Don't know about real applications, but the construction would make a great "proof without words" for this trig identity: $\;\sum_{k=1}^m(m−k+1) \sin \dfrac{k \pi}{m+1}= \dfrac{m+1}{2} \cot \dfrac{\pi}{2(m+1)}\,$.

With OP's notation where $\,n=2(m+1)\,$ is the number of sides of the regular polygon, it can be easily seen that there are $\,m\,$ "bands" of congruent rhombi in the tesselation.
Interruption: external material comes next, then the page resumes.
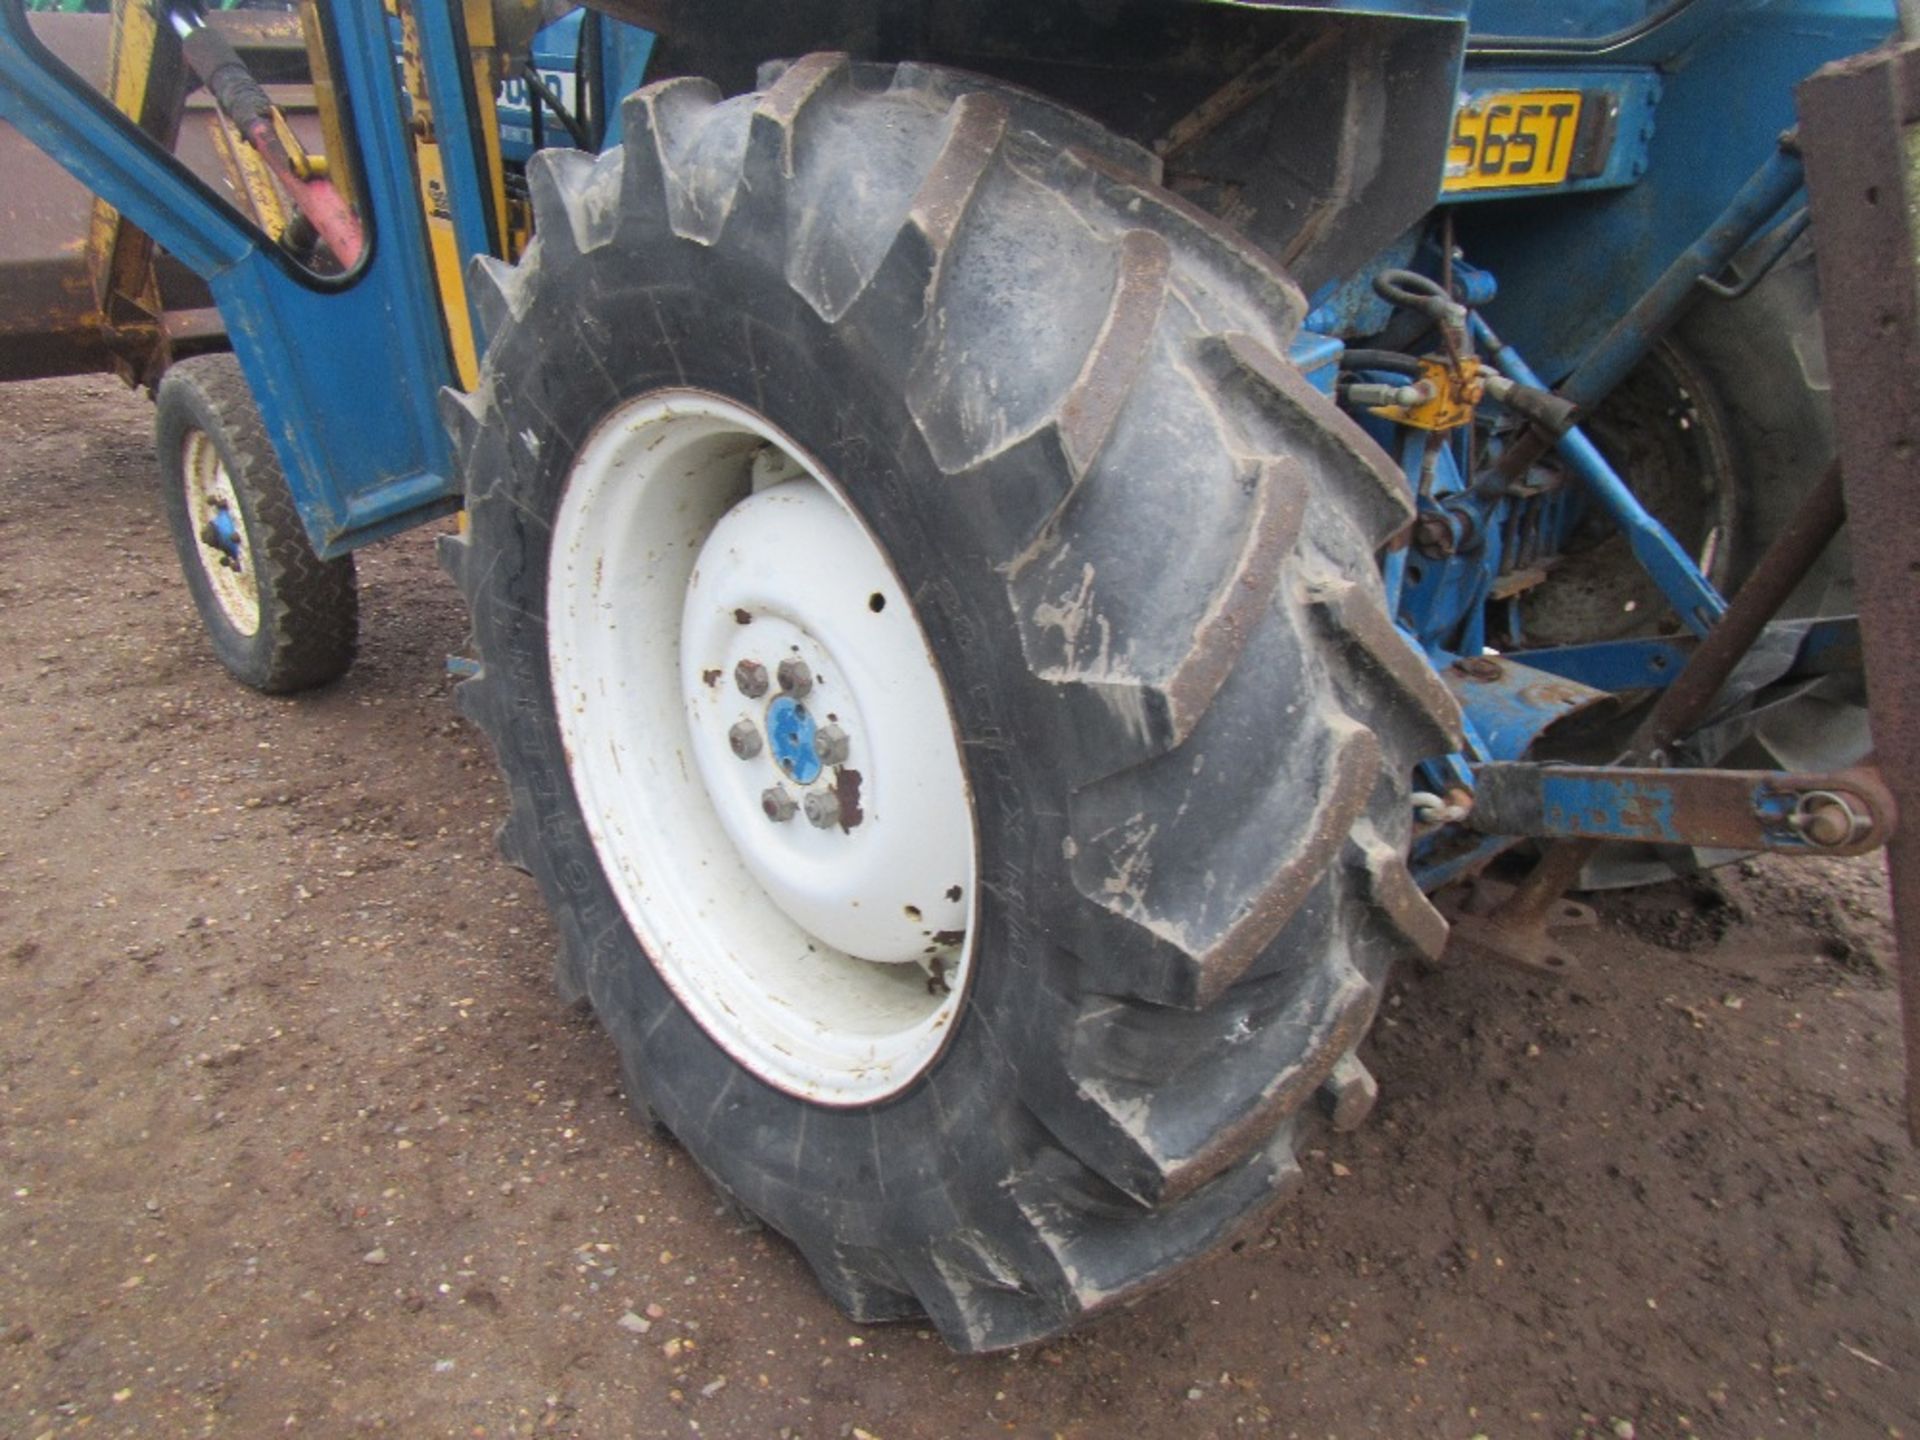 1979 Ford 4600 Tractor. Loader, Power Steering, Bucket, 14.9R28 Tyres. 2887 hrs. Ser No B999392 - Image 11 of 18
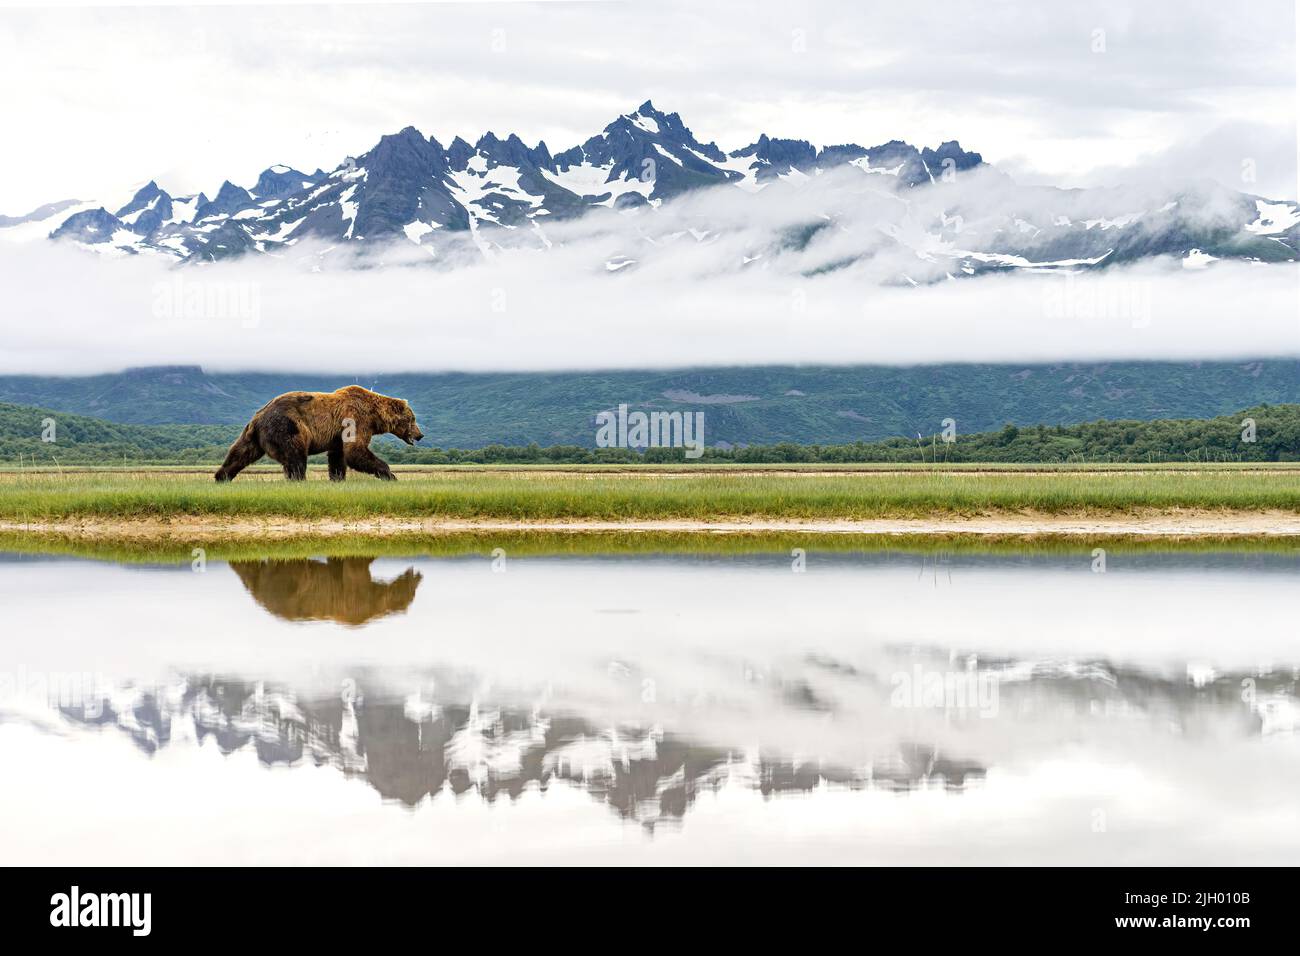 Brown bear walking in front of mountains Stock Photo

From right to left, the first band consists of $\,m\,$ rhombi with an angle of $\,\frac{\pi}{m+1}\,$, then the $k^{th}$ band is made of $\,m-k+1\,$ rhombi with increasing angles $\,\frac{k \pi}{m+1}\,$, all the way to $\,k=m\,$ which is the single leftmost rhombus.

A rhombus with side $\,a\,$ and an angle of $\,\alpha\,$ has an area of $\,a^2 \sin \alpha\,$, and the areas of all bands sum up to the area of the regular polygon $\,\frac{na^2}{4} \cot \frac{\pi}{n}\,$, from which the identity above follows.

Other trigonometric identities can be derived from this tesselation as well. For just one example, in the case of odd $\,m\,$ the horizontal diagonals of the odd-numbered rhombi add up to the diameter of the circumscribed circle $\,\frac{a}{\sin \pi/n}\,$, and therefore $\,\sum_{k=1}^{(m+1)/2} \cos \frac{(2k-1) \pi}{2(m+1)} = \frac{1}{2} \csc \frac{\pi}{2(m+1)}\,$.